一般の医療保険は「すべての病気やケガ」が対象ですので、当然ガンの入院や手術も保障対象です。ですからそれ以上コストを掛けたくなければ、既存の医療保険でもOKという考え方もあるでしょう。ただし前述のように入院や手術ではない治療、通院治療の長期化の可能性があるので「ガン診断給付特約」や「先進医療特約」を医療保険に追加しておくのも、合理的なガン対策のひとつと言えるでしょう。

  • 特定疾病保険

3大疾病の一時金保障で、ガン、脳卒中、心筋梗塞で一定要件に該当するとまとまった金額の保険金が支払われる保険です。定期型と終身型がありますが、多くの商品は死亡保険にもなっています。終身保障の特定疾病保険であれば、3大疾病の生前給付の保障であると同時に最終的な死亡時保障でもあり、解約返戻金もあるため、将来確実に何らかの形で機能が発揮される保険であるとも言えるでしょう。ただ、多くの商品で支払いは1回限定であり、脳卒中でこの保険金を受け取った後でガンにかかった場合には保障がなくなっていますので、その点は認識しておくべきです。

  • 特定疾病保険料免除特約

ガンになって治療をしながら働く人も多くなっています。ガン治療の費用負担に加えて以前と同等の収入確保が困難になるかも知れず、ガンになったらその後の保険料が免除されれば経済的負担の軽減につながります。保険料免除特約はガン保険に限らず付帯できる商品も多いので、これもガンへの備えと言えます。

  • 収入保障保険(生活保障保険)

死亡後に年金形式で毎月保険金を支払うタイプの死亡保険ですが、このバリエーションとして3大疾病になった場合にもこの保険金を生前に支払うものが販売されています。基本的な生活費保障としての死亡保険で、ガンの保障も兼ねるというやり方も選択肢のひとつです。

ガン治療の正しい選択をするために

ガンに関する情報源の確保

いざとなったらどのような項目について、どこの誰に相談をすればよいのかという情報源の整理を、健康なうちに把握しておくことは重要です。保険会社のガン周辺情報の資料を活用したり、医療情報サービスのある保険に加入したり、専門医療機関やがん研究センターの情報にも日ごろから触れておくことは、2人に1人がガンにかかる私達にとっては決して無駄なことではないでしょう。

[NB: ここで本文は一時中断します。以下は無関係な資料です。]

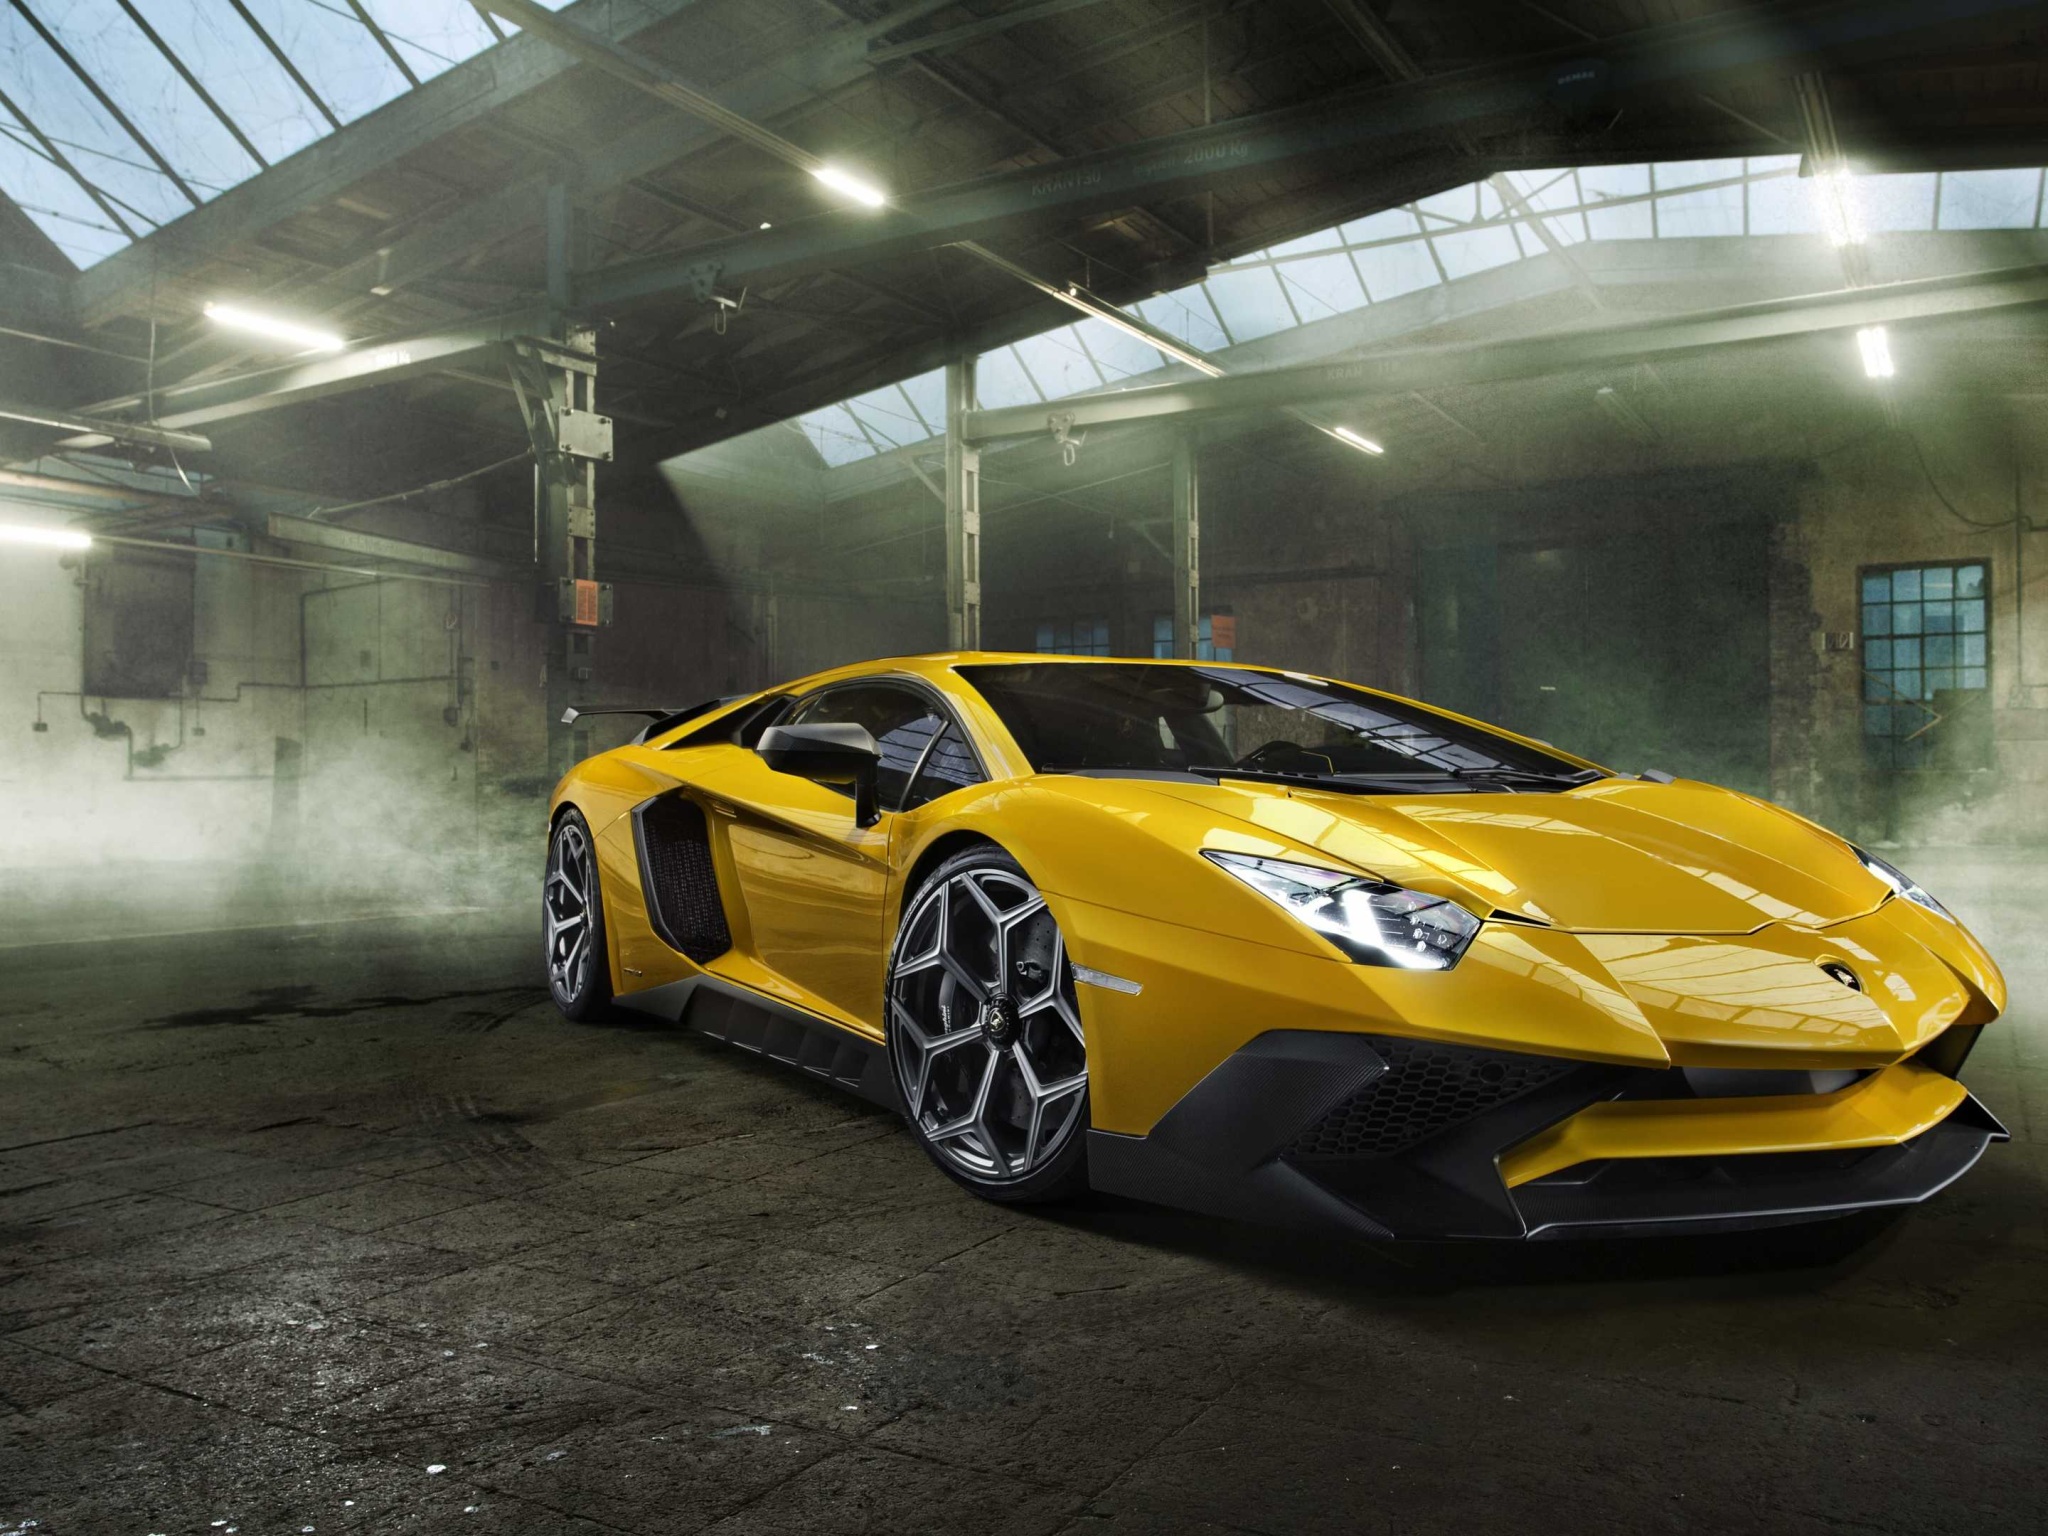 Siêu xe Lamborghini Aventador đẳng cấp, tốc độ siêu nhanh và kiểu dáng hoàn hảo. Hãy xem hình ảnh của em nó để cảm nhận được vẻ đẹp hoàn mỹ của siêu phẩm này.

また、ガン保険に限らず家族の保険の全体像を把握しておくこと、職場の対応の実態を知っておくこと、社会保障の内容や地域自治体などのサポート体制などについて理解しておくことも大切です。

ガンについて自分の考えを持つ

繰り返しますが、ガンの治療は多様化しており、また、様々な医療分野の専門家が協力してのチーム医療が増えてきているそうです。個々人の病状や生活環境、治療への意識などを個々に検討して、専門家と患者本人との間で治療方針なども検討されることになるのです。

ガンになったその時、自分自身はどのような考え方でどう対応するのか、ガンになってから慌てて考えるのでは遅い場合もあるかも知れませんし、適切な治療の最新情報を探すのは容易ではないでしょう。

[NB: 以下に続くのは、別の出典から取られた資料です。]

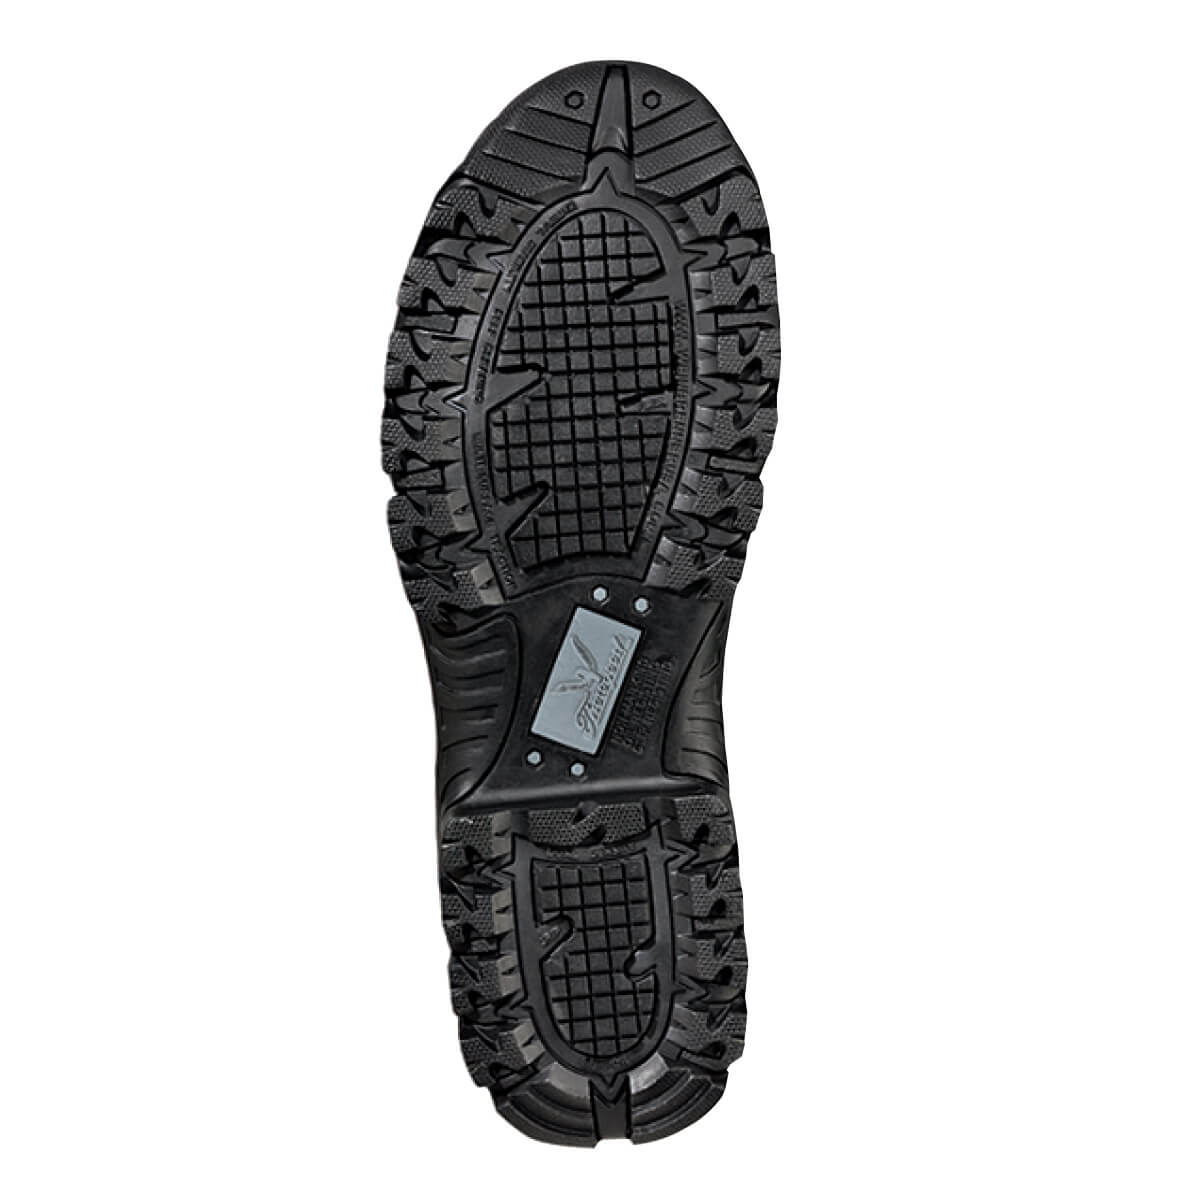 Thorogood The Deuce Series 6" Waterproof Side Zip Boots - 834-6218

ガンの手術はせずに放置するほうが良いという極端な意見もありますし、それも真っ向から否定する意見もあります。もし、自分が持っている情報や信じていることが一面しかとらえていない偏ったものだったとすれば、いざという時の判断を誤らせることになります。

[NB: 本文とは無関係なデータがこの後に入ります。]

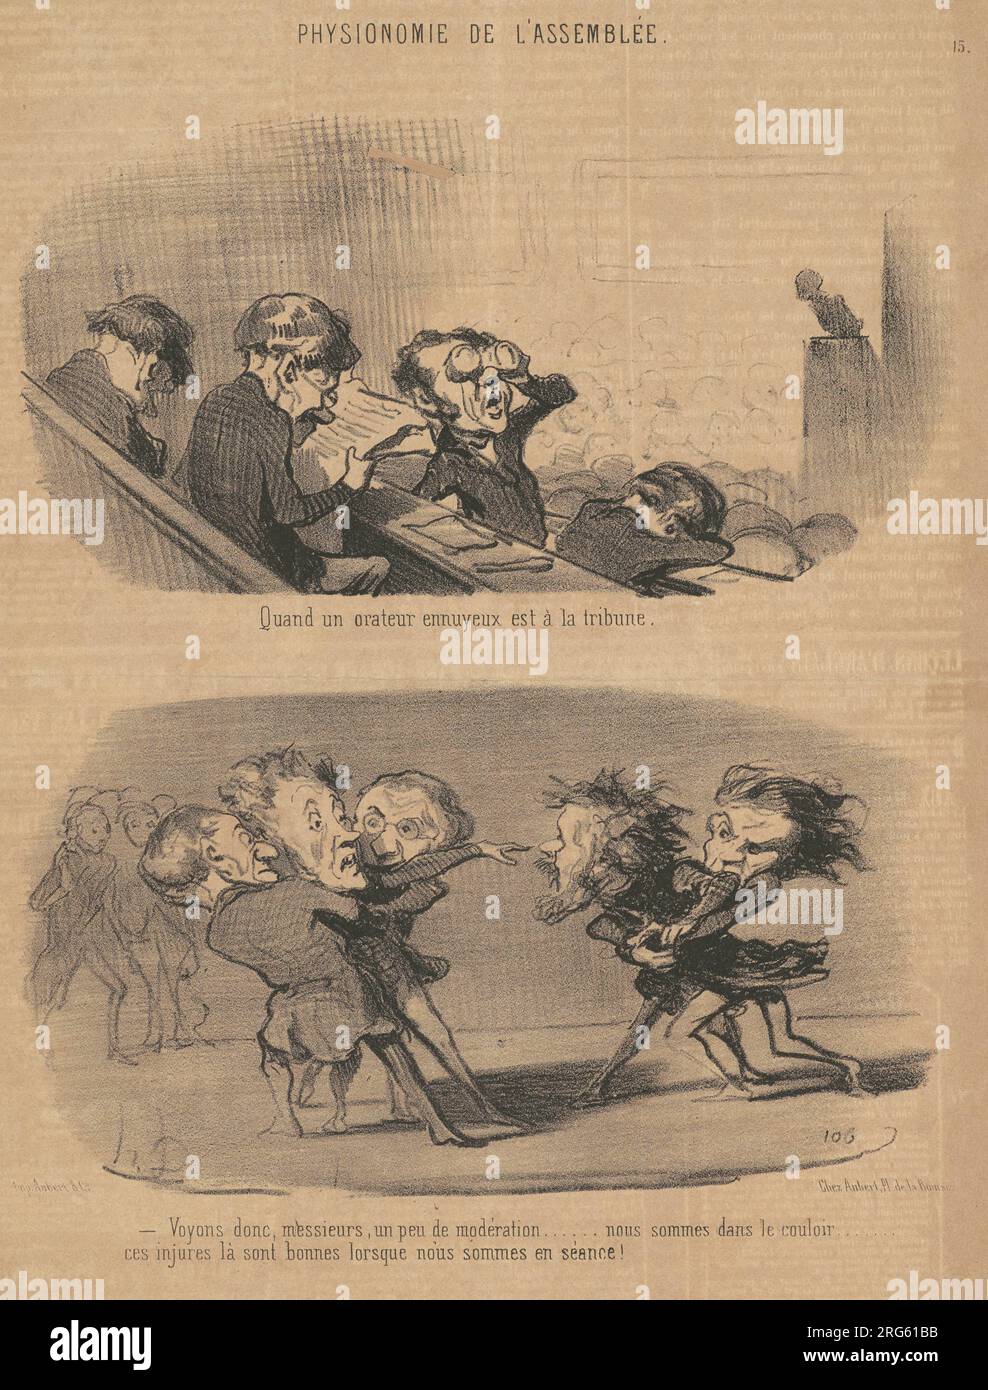 Quand un orateur ennuyeux est a la tribune 19th century by Honoré Daumier Stock Photo

ガン治療の実態把握や、経済的な変化の想定、生活人としてのガンとの関わり方、自分なりの考え方を整理できるように「ガンの勉強」をしておきたいものです。

家族がガンになったときへの備え

自分がもしガンになったとき、家族の支えは力強い味方となります。そして自分ではなくパートナーがガンになったら、どのようなサポートが必要になるだろうか、どんな姿勢で臨むべきだろうか、こうしたことについても、互いに意見交換をし家族の考え方、気持ちに寄り添うことが出来るように話し合っておくことはライフプランの重要な項目であると言えるでしょう。